By regulation, the THC level of the cannabis plant cannabis sativa For the manufacture of products for medicinal or pharmaceutical use it cannot exceed 0.3%. Above that value, it is considered a crop with psychoactive properties. The plant naturally expresses a higher percentage of THC than is allowed and must be subjected to complex extraction processes to eliminate this cannabinoid with a high cost.

These genetically edited crops will be the solution to the problem that generates millionaire losers for the industry and will position us as a benchmark in biotechnology applied to this crop, says Oliveira.

With previous experience in highly complex biotechnology projects, such as the cloning of horses and improvements with genetic engineering of crops such as soybeans, wheat and alfalfa, the team has since last year focused on their new venture, the main objective of which is to : Developing them based on technology known as own gene editing tools CRISPR-Cas9 To be able to optimize the properties of the plant. with them biological scissors, the researchers claim they can edit DNA precisely and efficiently.

The first step was to identify the gene that needed to be worked on. In this case, it is associated with the presence of THC in the plant. The team then designed biological scissors to introduce into the plant: an enzyme that cuts d n With a ribonucleic acid guide (arn) to accurately orient the region of the genome to modify it.

We apply an editing strategy in which genetic material from outside the plant is not used. For that we separate the cells from the plants and remove their cell wall. These cells (protoplasts) co-incubate with enzymes and guide [de ARN] To carry out editing, which aims to disrupt and lose its function as the gene responsible for THC synthesis. This makes it possible to produce better plants, without being considered transgenic, explains Oliveira. Country, Once these edited cells are obtained, they are selected and reproduced in a new plant through in vitro culture [en pequeos recipientes con agar rico en hormonas y nutrientes], In the greenhouse, they are molecularly evaluated to check their growth success.
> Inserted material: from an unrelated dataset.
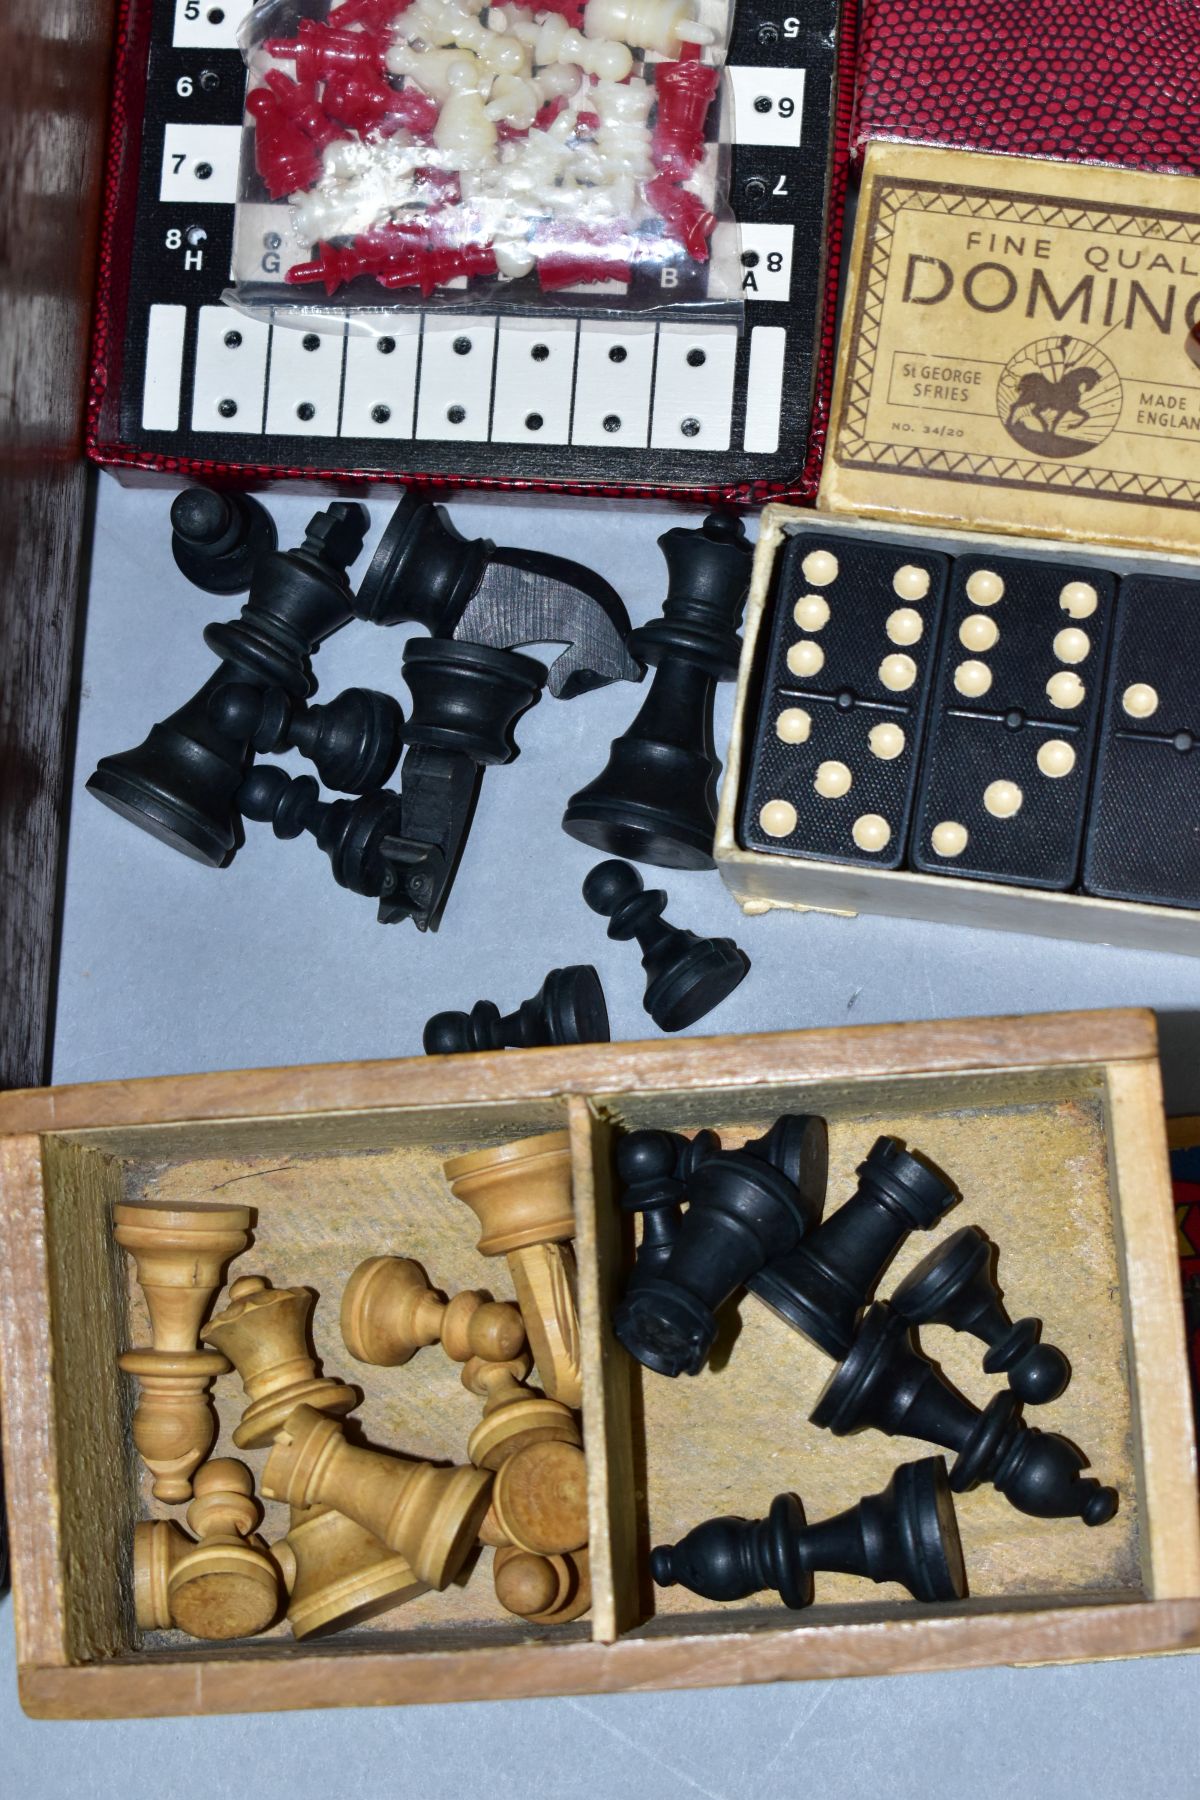 A WOODEN BOX CONTAINING A BOXED SET OF TSL BOXWOOD CHESSMEN, a boxed set of Crystalate dominoes, - Image 2 of 5

Laboratory tests showed that they were able to fine-tune that process by effectively modifying genome From the cannabis plant. This confirms that our technology works and is a great step forward in science and technology for Argentina. It is a great progress both in the country and in the region that will allow us to think about improvements in other developments productive interest for this harvest, highlights Oliveira.

The team argues that the tool has no limits, as it also allows you to boost the level of others. cannabinoid Plants that are expressed in low concentrations but which have high healing potential and have not yet been studied due to difficulties in purifying them in quantities. It also makes it possible to regulate the ratio of different cannabinoids to their use. medicine or cosmeticsAs medical research advances in defining dosage limits.

Points to development of another application that the team oversees industrial hemp, It is anticipated that hemp fiber will compete with cotton in a few years, predict the entrepreneurs, who are seeing potential demand from other industries in the world. In that case, the cannabis industry will demand better plants that can be applied to comprehensive management. The tools we develop serve to produce plants that are more resistant to inclement weather and pathogens. With these technologies, we will be able to develop non-transgenic plants that are more productive, efficient in use of resources and with lower production costs.

Last month, ahead of a presentation by the team, National Commission on Agricultural Technology (Konabia) informed them that the development of THC-free plant varieties with CRISPR-Cas9 technology is not considered transgenic. This means that these plants can be on the market quickly in two or three years. This not only guarantees the safety of this type of crop, but also saves the company between 50 and 100 million dollars, which It will be necessary to regulate and market a crop considered to be transgenic, concludes the team.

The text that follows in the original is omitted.